> EXERCISE PROMPT
All of the data goes into your copy exactly as written. Images do not.

> DATASET EXTRACT

===============

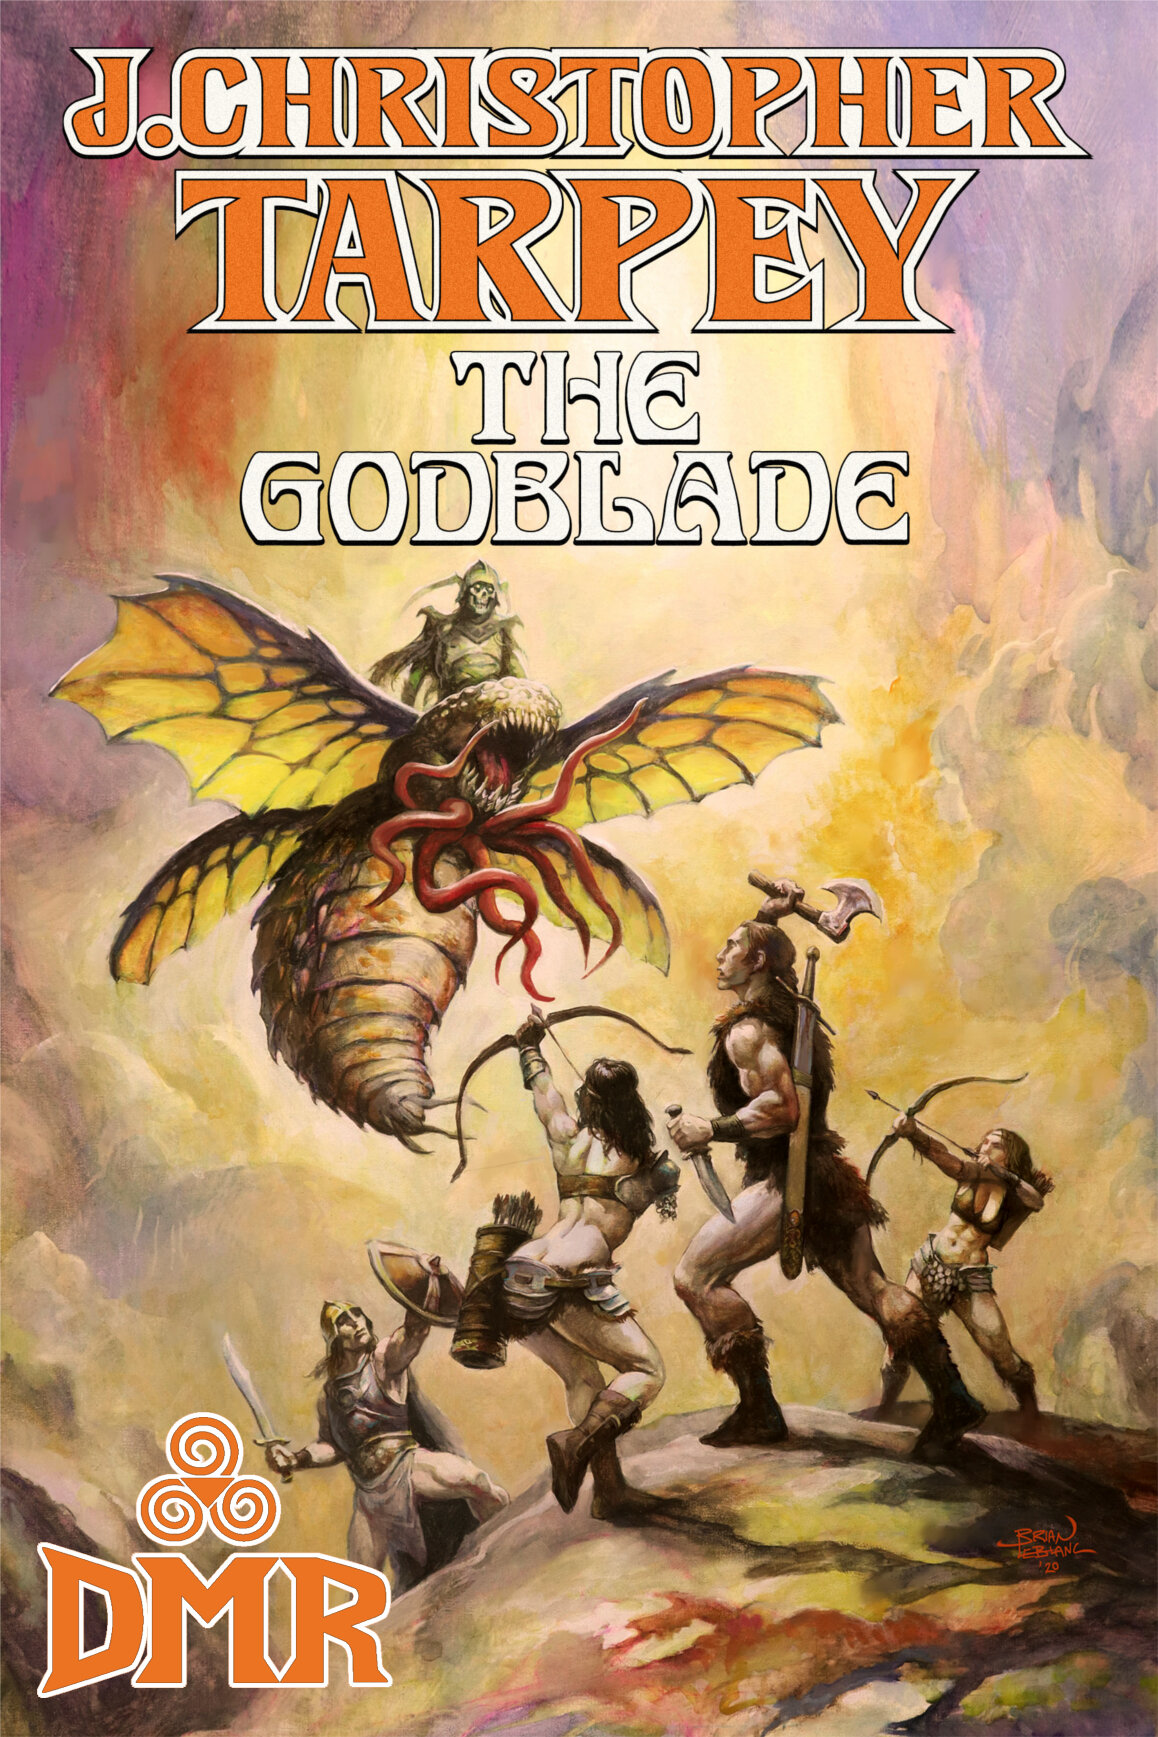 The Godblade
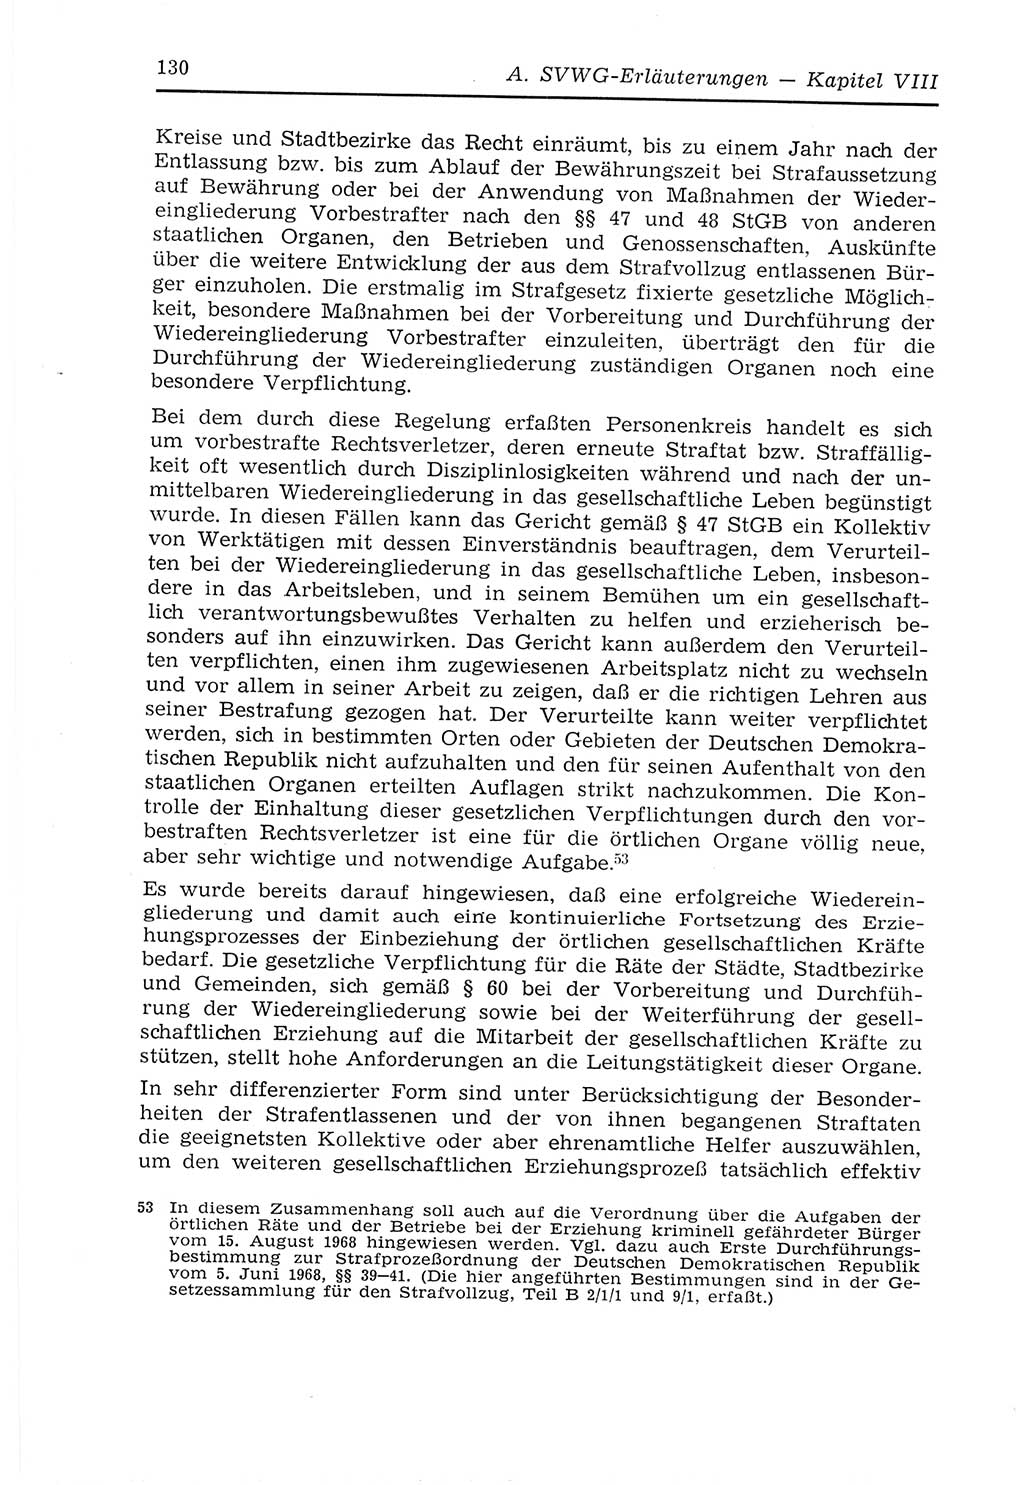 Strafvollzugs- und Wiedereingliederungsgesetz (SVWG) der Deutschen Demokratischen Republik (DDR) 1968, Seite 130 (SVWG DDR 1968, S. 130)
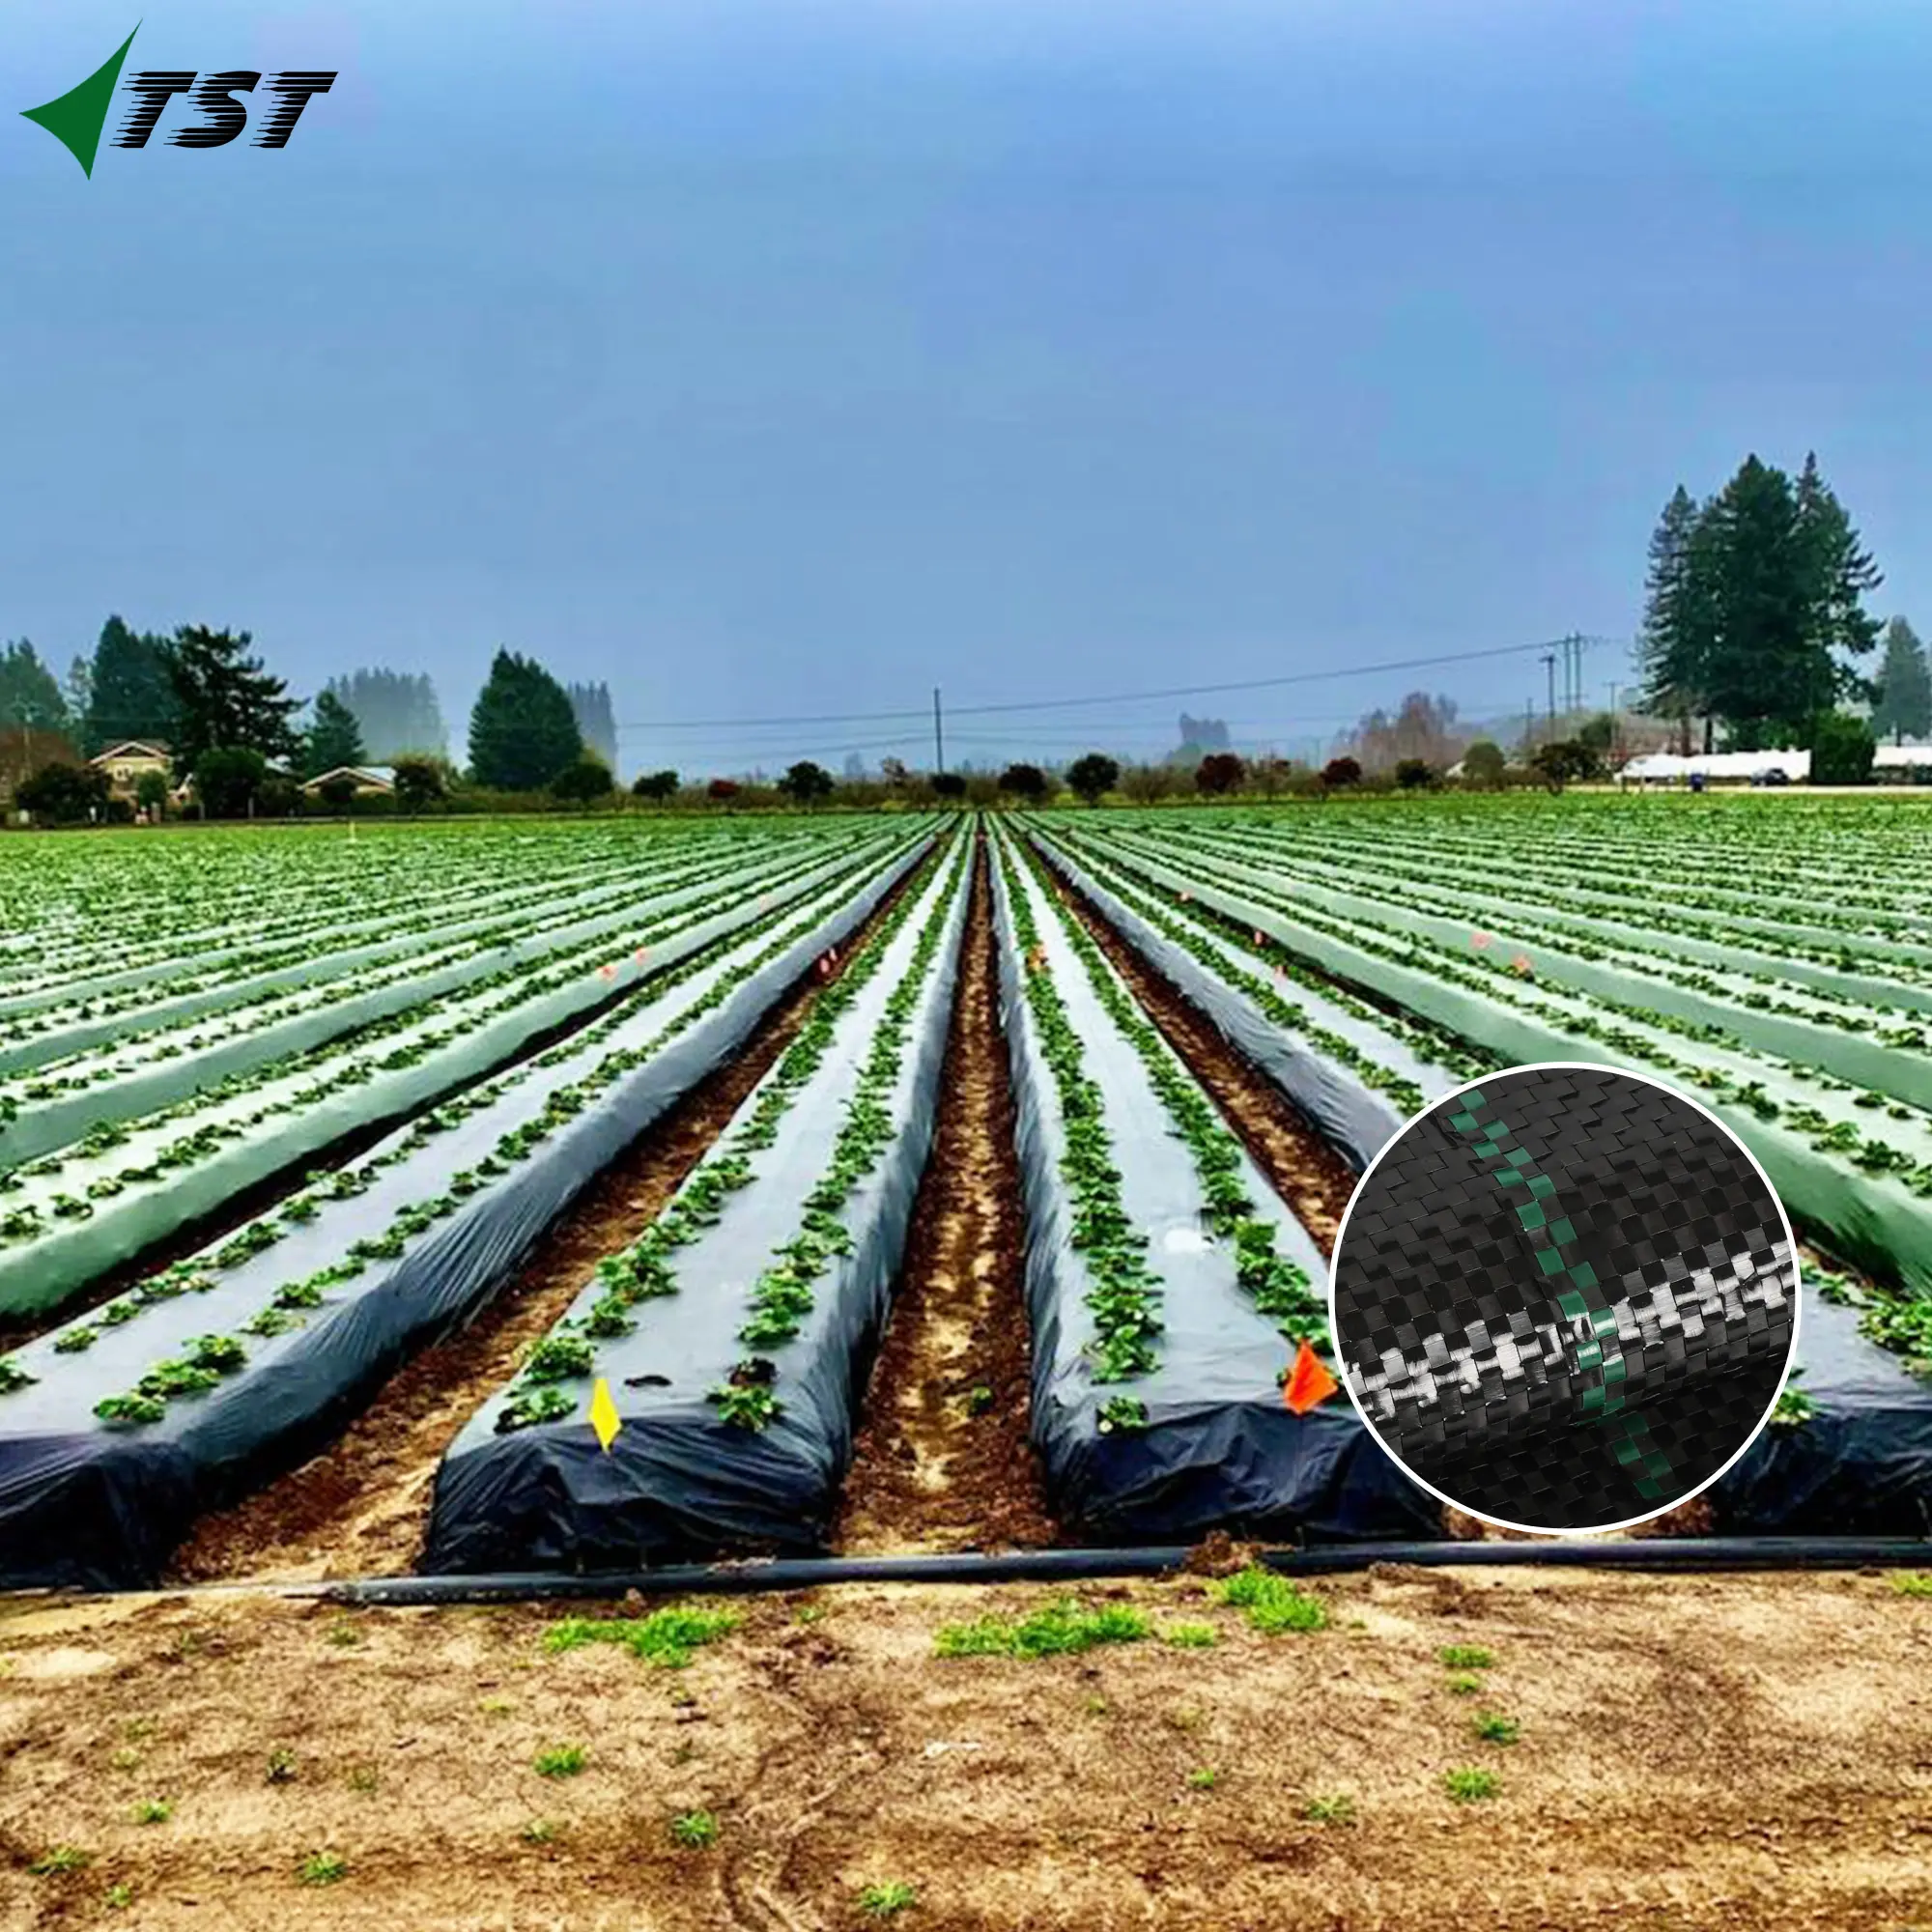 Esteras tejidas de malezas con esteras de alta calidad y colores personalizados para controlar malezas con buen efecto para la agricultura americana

===============

> SOLVED EXERCISE
 The Godblade
 Strafvollzugs- und Wiedereingliederungsgesetz (SVWG) der Deutschen Demokratischen Republik (DDR) 1968, Seite 130 (SVWG DDR 1968, S. 130)
 Esteras tejidas de malezas con esteras de alta calidad y colores personalizados para controlar malezas con buen efecto para la agricultura americana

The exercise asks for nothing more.